▶ Work required: Beginning with the line that contains "TUNG FANG ACCURACY", copy each subsequent line of the data below through the last one, including both ends but not the pictures.

▶ Information provided:
########################################
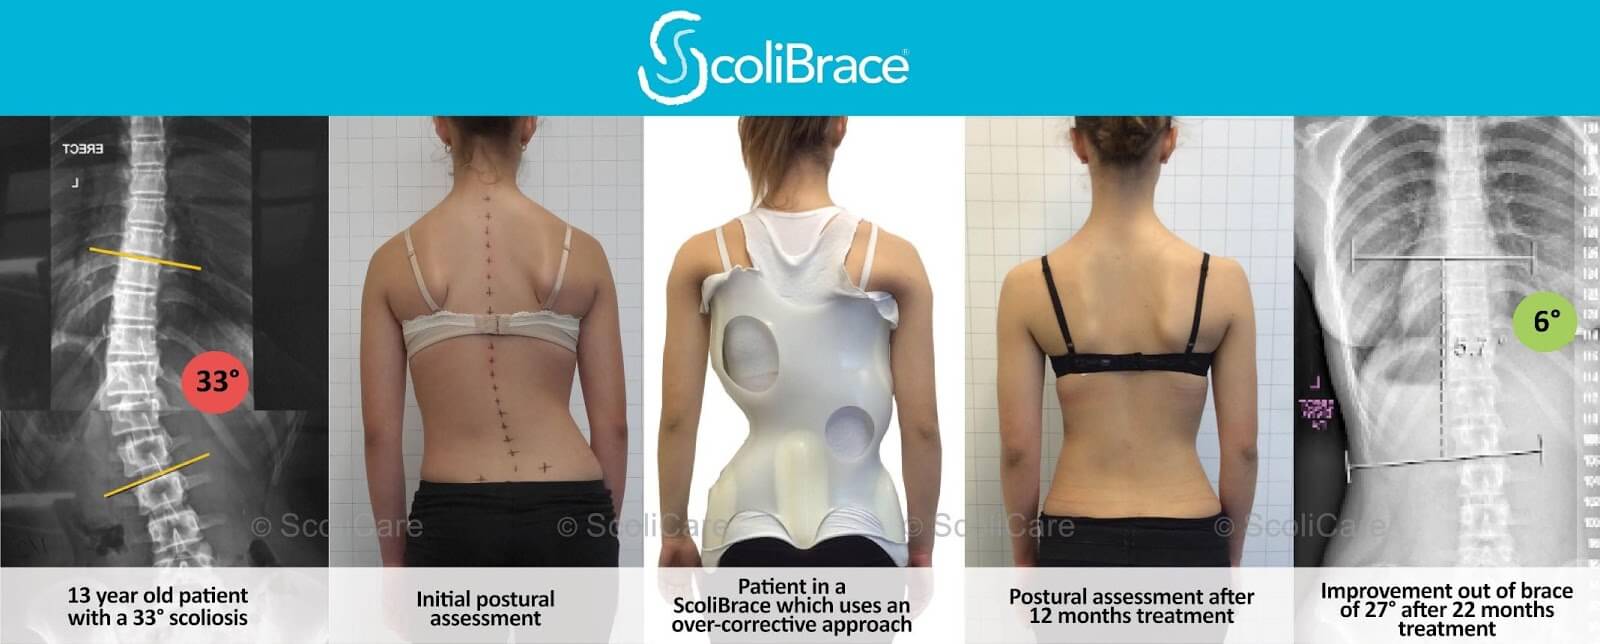 Brace related stress in scoliosis patients – Comparison of
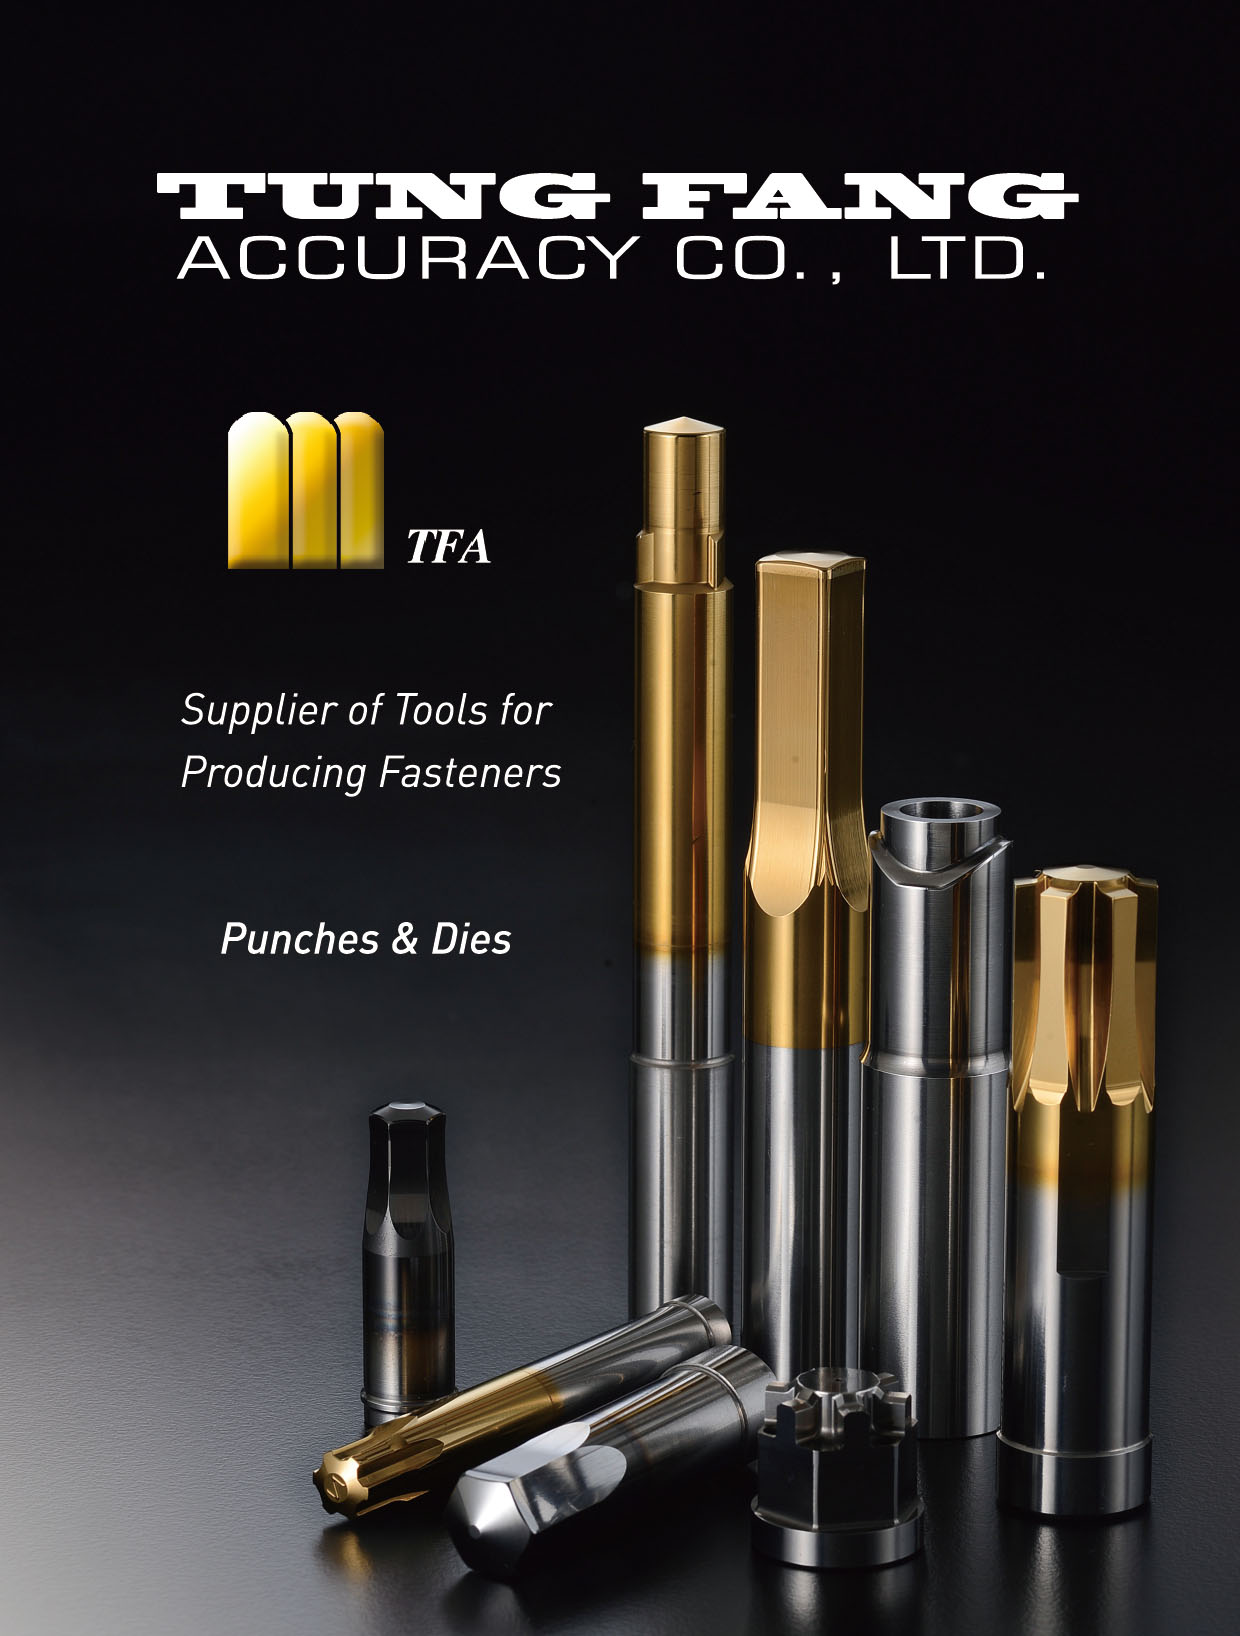 TUNG FANG ACCURACY CO., LTD.  Online Catalogues
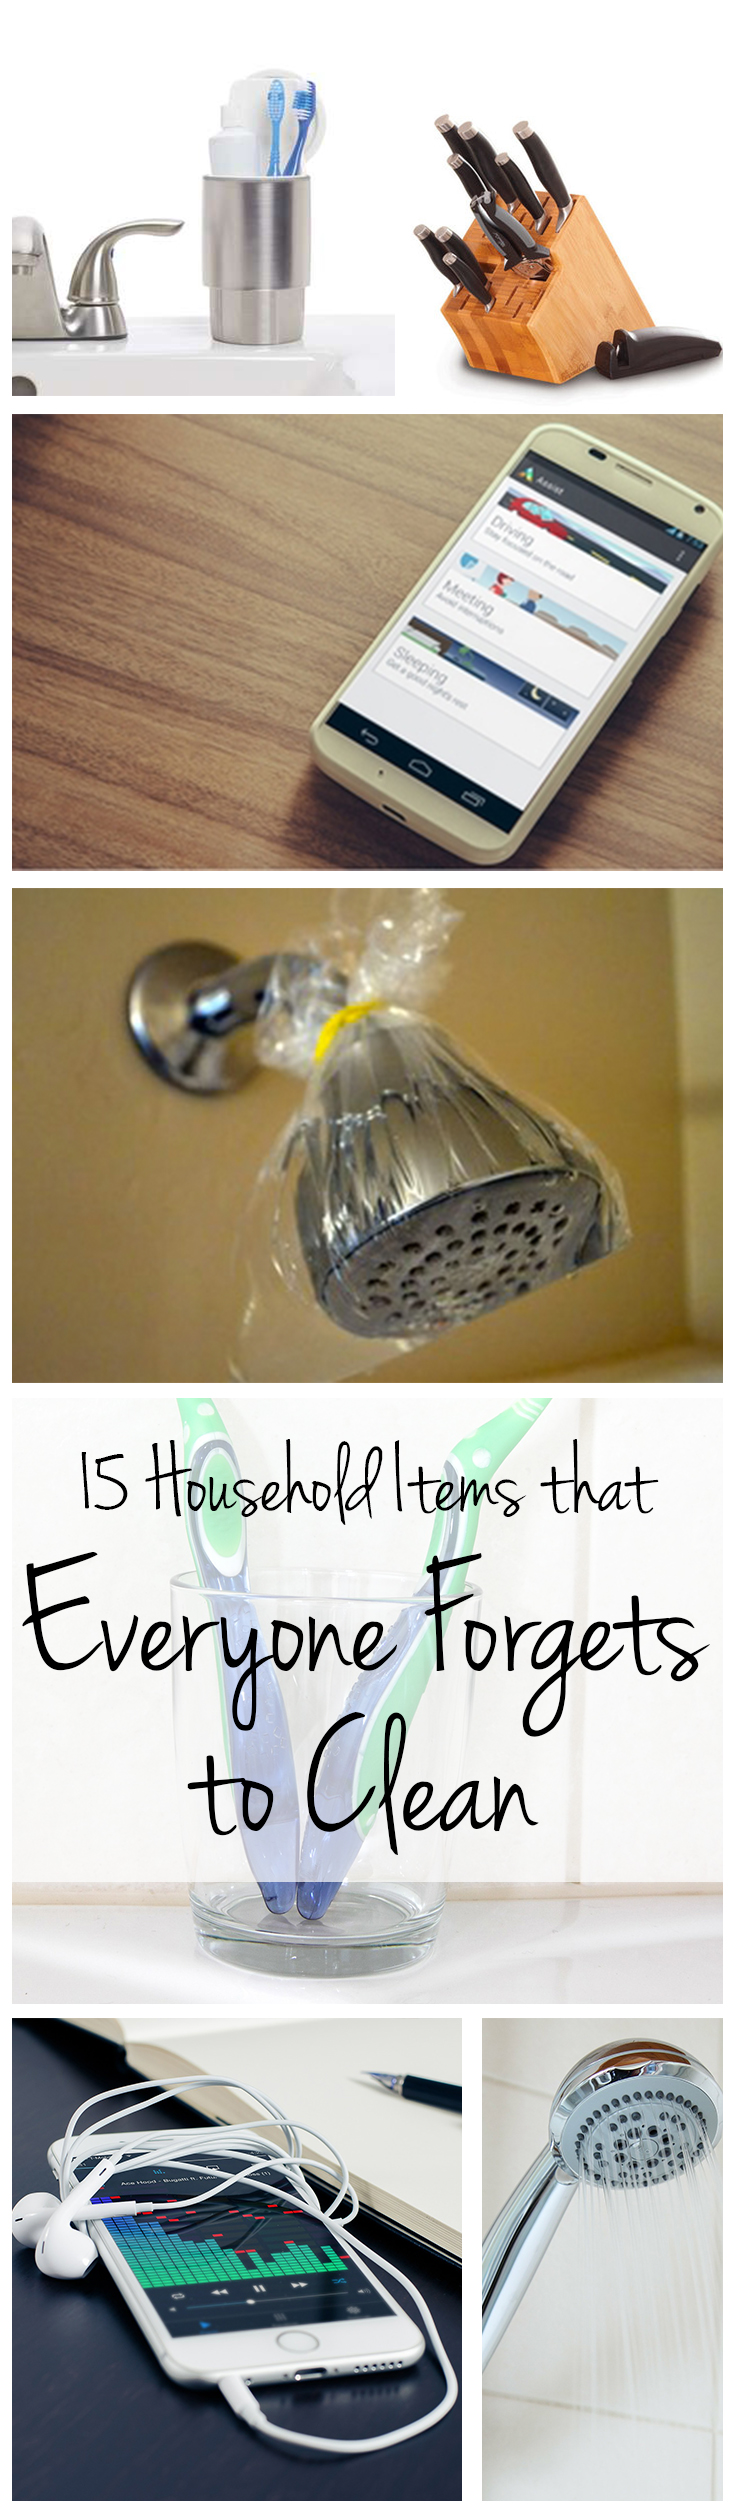 15 Household Items that Everyone Forgets to Clean
########################################
▶ Response below:
 TUNG FANG ACCURACY CO., LTD.  Online Catalogues
 15 Household Items that Everyone Forgets to Clean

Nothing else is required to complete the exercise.